The nucleation process only happens around the cement particles in the plain CAC paste, and hydrates are therefore formed around the cement particles [24], creating the petal-shaped microstructure. However, the SiO₂ nanoparticles are dispersed not only around the cement particles, but also in the pores between the cement particles [10,18]. Therefore, due to the nucleation effect and wide distribution of the SiO₂ nanoparticles, the hydrates are formed around the cement particles and pores, leading to the compact structure in the paste. The compact structure also restrains the growth of hydrates, leading to the small amount of hydrates in the CAC paste with CS.

3.2. Thermal Analysis

The Thermogravimetry-Differential scanning calorimetry (DSC-TG) curves for CAC paste without and with 100 wt.% CS after 24 h hydration are presented in Figure 4. Figure 4a shows the different peaks for the two kinds of pastes. In detail, it shows four endothermic peaks in the vicinity of 100 °C, 160 °C, 260 °C and 300 °C for the CAC paste without CS. In contrast, no obvious endothermic peaks are observed in the CAC paste with CS. With increasing temperature, the hydrate transformation can be observed as follows. When the temperature is below 21 °C, the main hydrate is CAH₁₀; as the temperature rises to above 21 °C but below 35 °C, CAH₁₀ is transformed into C₂AH₈ and AH₃. As the temperature continuously increases to 35 °C, both CAH₁₀ and C₂AH₈ is transformed into C₃AH₆ and AH₃ [24,25]. Therefore, during the heating process in the thermal analysis, the above dehydration processes are generated and their crystal water in the hydrates is lost below 100 °C. While C₂AH₈ decomposes at about 160 °C, AH₃ loses its molecules in the form of water vapor at 260 °C, and C₃AH₆ decomposes at 300 °C by the following Equations (1)–(3).
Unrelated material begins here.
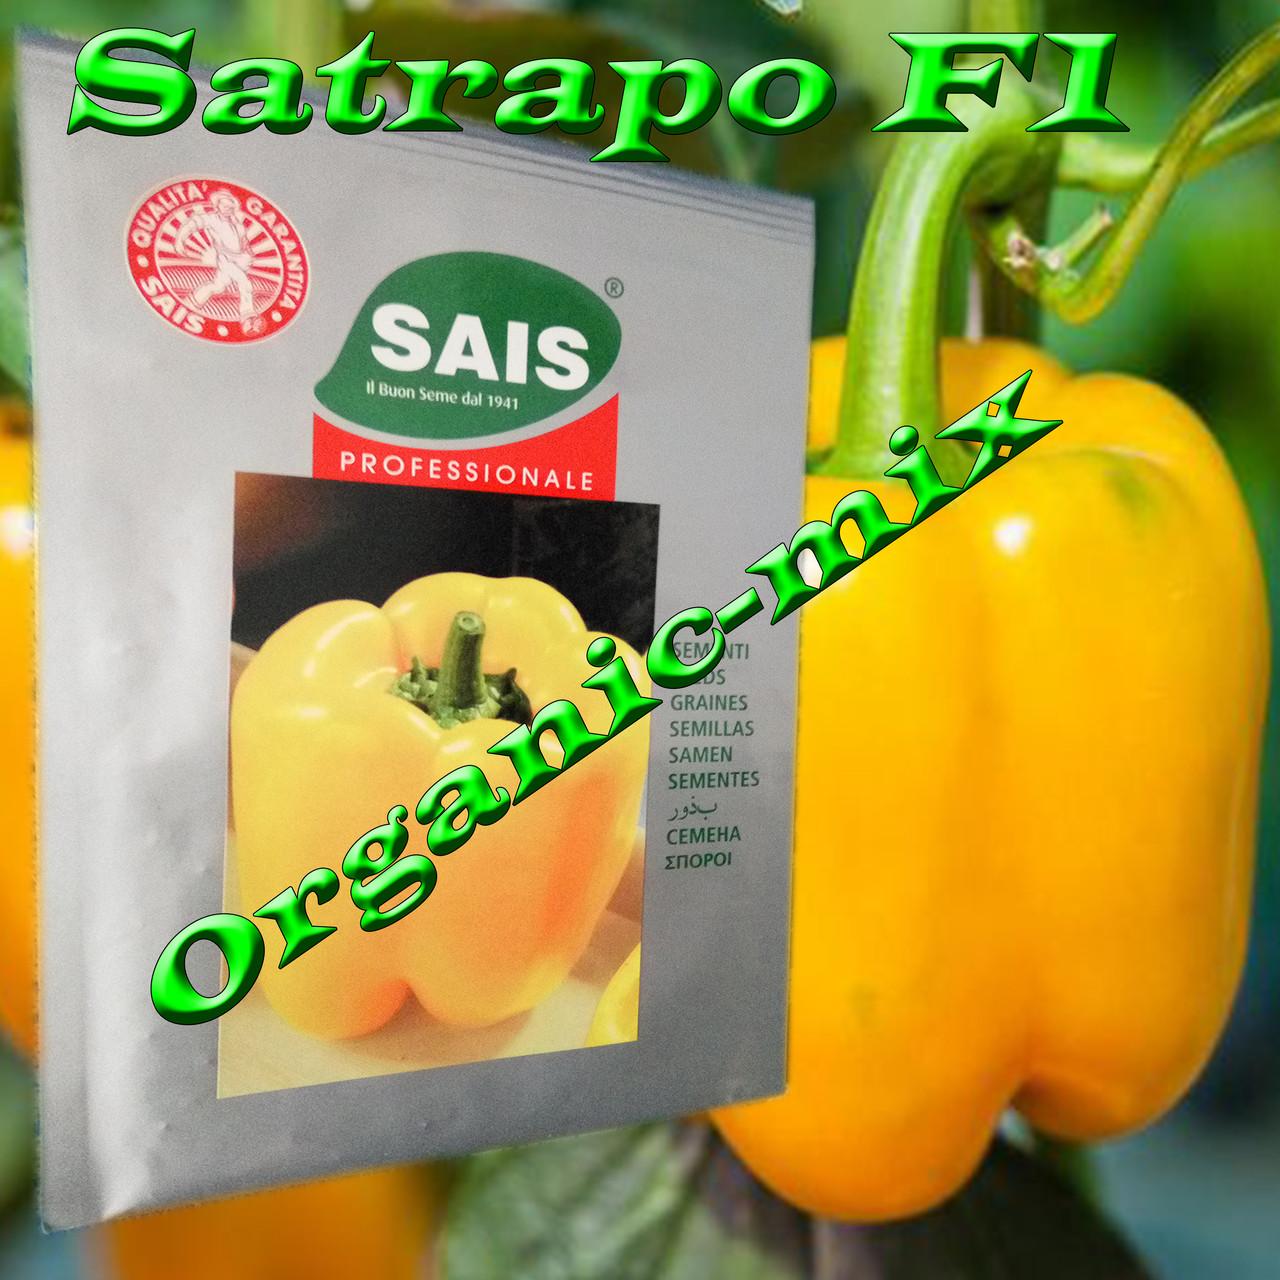 САТРАПО F1 / SATRAPO F1, семена желтого перца, проф. пакет 100 семян ТМ Sais (Италия)
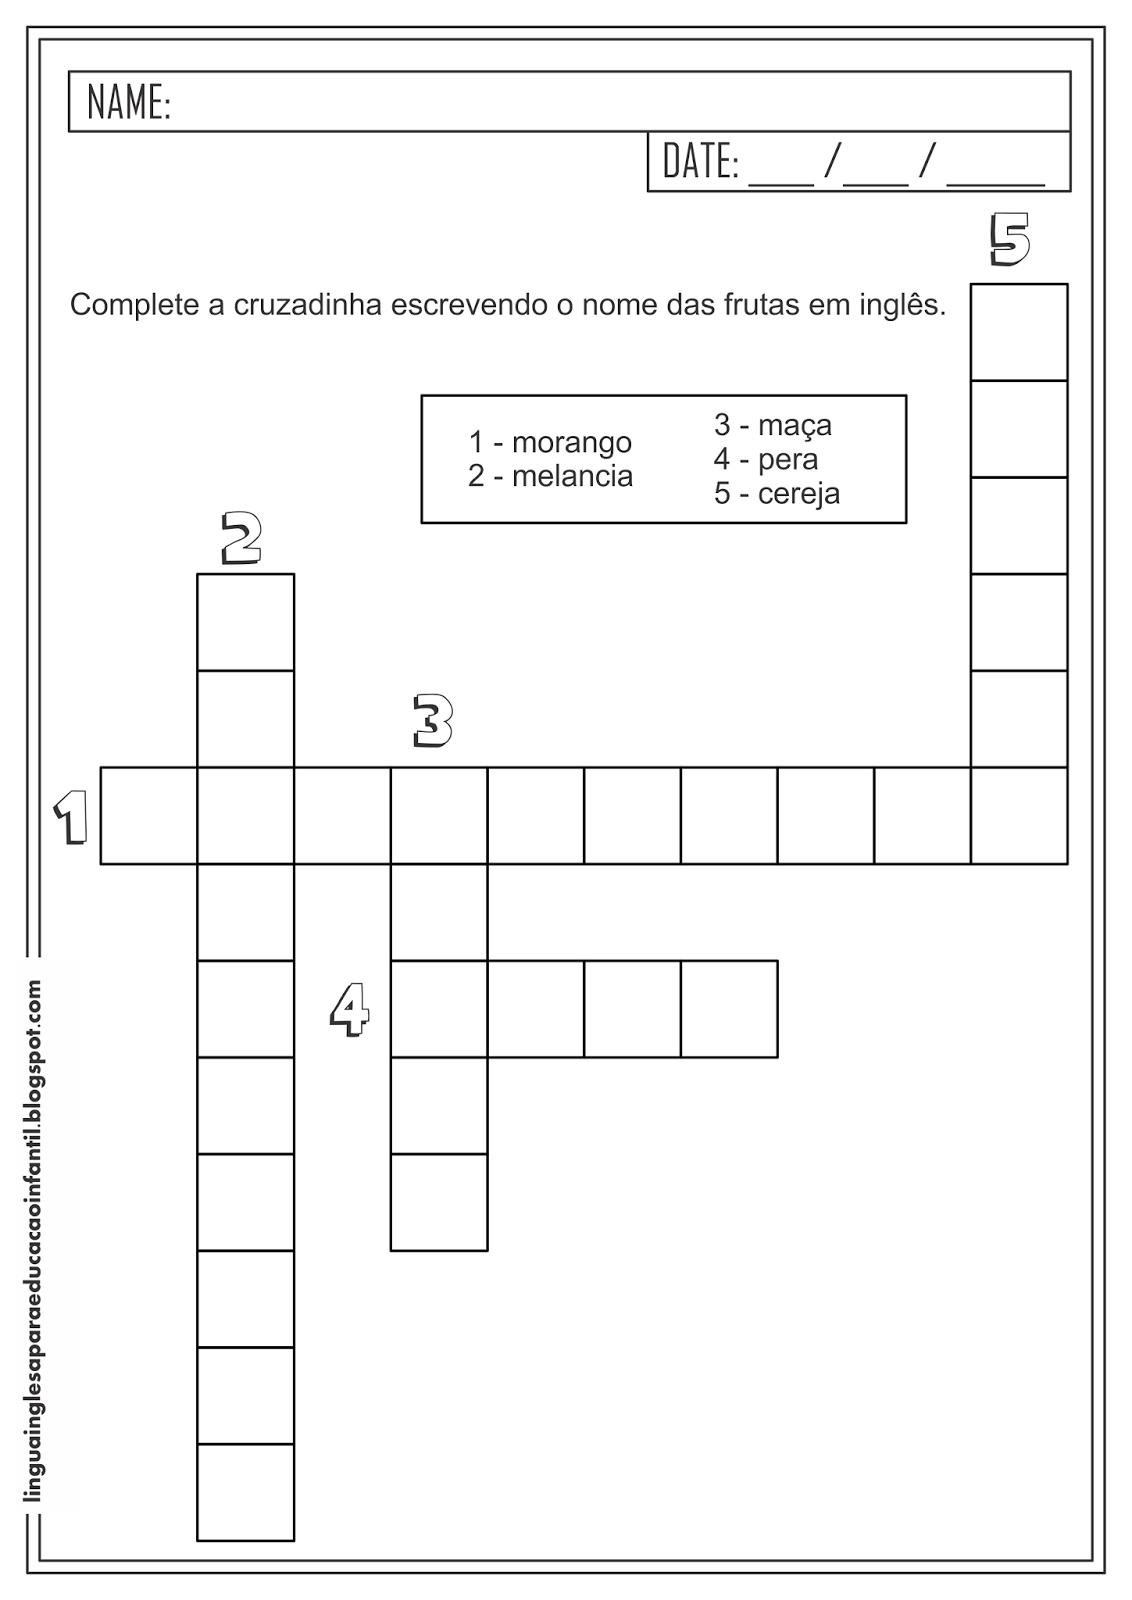 Cruzadinha de frutas - Atividade de Inglês para educação infantil

$${\mathrm{AH}}_3\to \mathrm{A}+3\mathrm{H}$$

(1)

$${3\mathrm{C}}_2{\mathrm{AH}}_8\to {2\mathrm{C}}_3{\mathrm{AH}}_6{+\mathrm{AH}}_3+9\mathrm{H}$$

(2)

$${7\mathrm{C}}_3{\mathrm{AH}}_6\to {\mathrm{C}}_{12}{\mathrm{A}}_7+9\mathrm{CH}+32\mathrm{H}$$

(3)

However, no obvious endothermic peaks in the CAC paste with CS can be ascribed to the exothermic reaction of SiO₂ nanoparticles during the heating process. The SiO₂ nanoparticles are apt to agglomerate to reduce the surface energy in the heating process, releasing a lot of heat. The heat releasing capacity for the SiO₂ nanoparticle agglomeration may be much more than the heat absorption capacity of the hydrate decomposition [22], so exothermic peaks instead of endothermic peaks can be seen in Figure 4a.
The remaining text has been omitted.